To blink at life is to invite life's trammeling. We pretended that hospital
time was the only sort of time, and that none of the hospital's
accoutrements or incidents bewildered us.
Amidst our pretence, Joyce lay ponderous and sullen. New nurses gulped,
first seeing her. Two nurses struggled to lift Joyce when the sheets were
soiled; two nurses braced and hoisted her when she slid down in the bed
and couldn't wiggle upward to straighten her spine.
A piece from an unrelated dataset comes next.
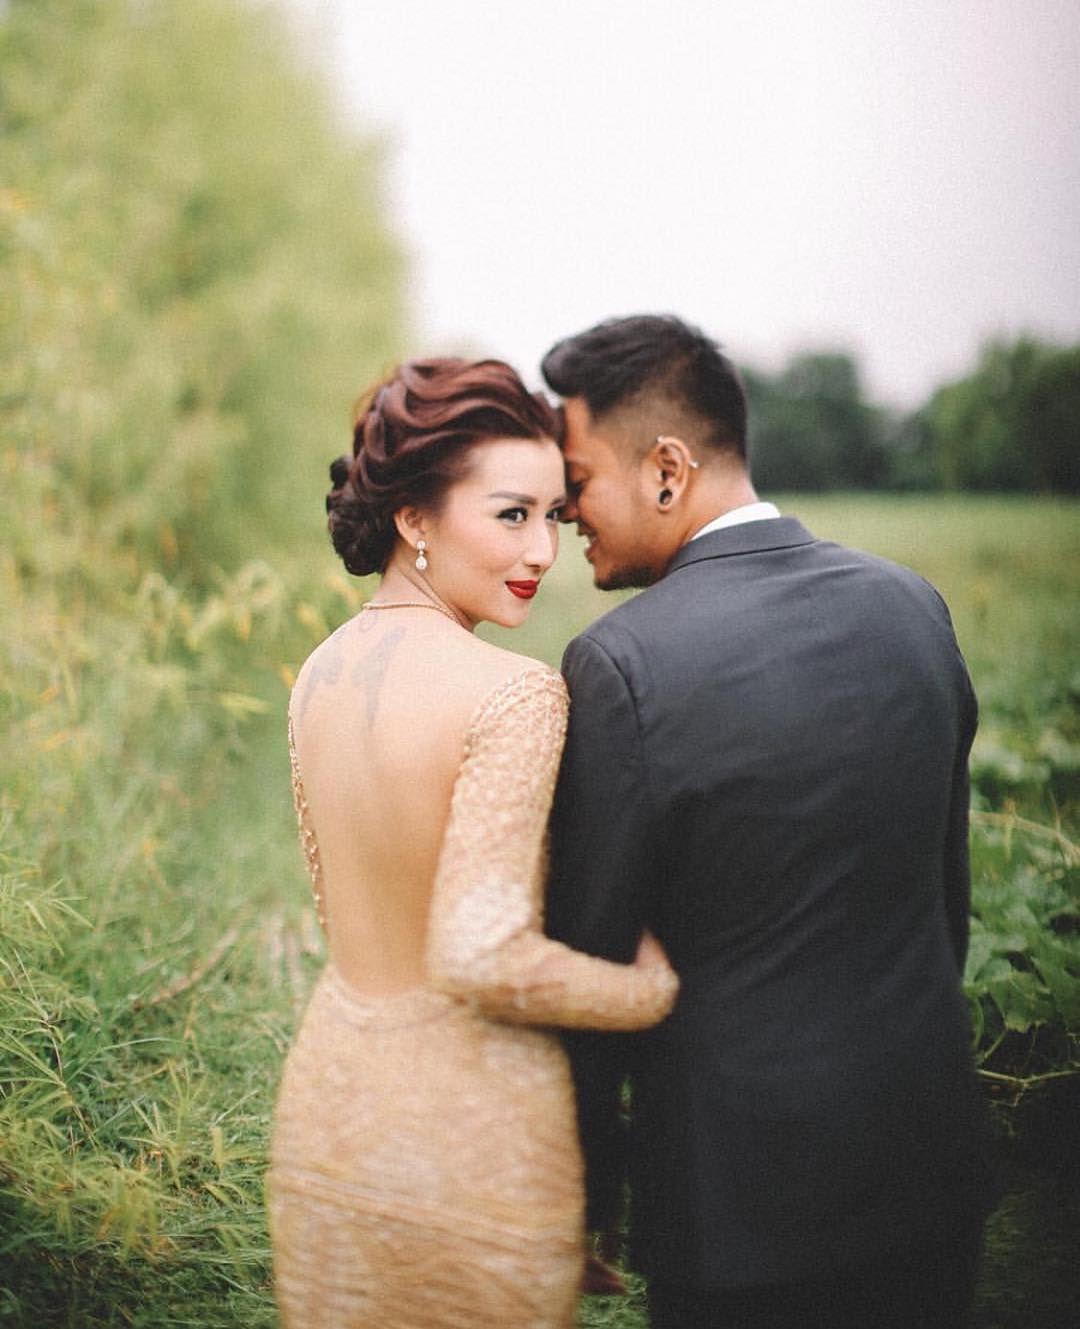 It's you, it's always been you... Beautiful Bride: @malvala  Handsome Groom: @anggabooth Photographers: @evansirawan @pyaraphoto Make up & Hair: @donnyliem Wedding Dress: @fififirianty  #danielalicewedding#beautifulvows#baliwedding#balievent#baliphotographer#balimua#weddingdreams#beautifulwedding#bridaldreams#bridalinspiration#asianwedding#pyaraphoto#mua#balibible#beautifulbali#weddingdreams#bridalinspiration#weddinginspiration#weddingdress#goldweddingdress#wedmegood#bridaldreams

Beside her bed, a blue curtain on an oval track fell in its quiet drape against
the wall. Like a trophied spear against the sky, a bag of blood hung atop a
pole beside the curtain.
"Why is she losing blood?" I asked Dr. Abu. In our accustomed poses near
the nurse's station, we greeted one another with mirthless smiles of
comfort and with the usual audit: I held still so he could gauge my balance
of worry and detachment; he let me watch him mask his exhaustion, pull a
scarf of strength across his face.
His dark eyes were like closed boxes, his voice, deep and floating as if
toward shore, from a boat on the ocean at night.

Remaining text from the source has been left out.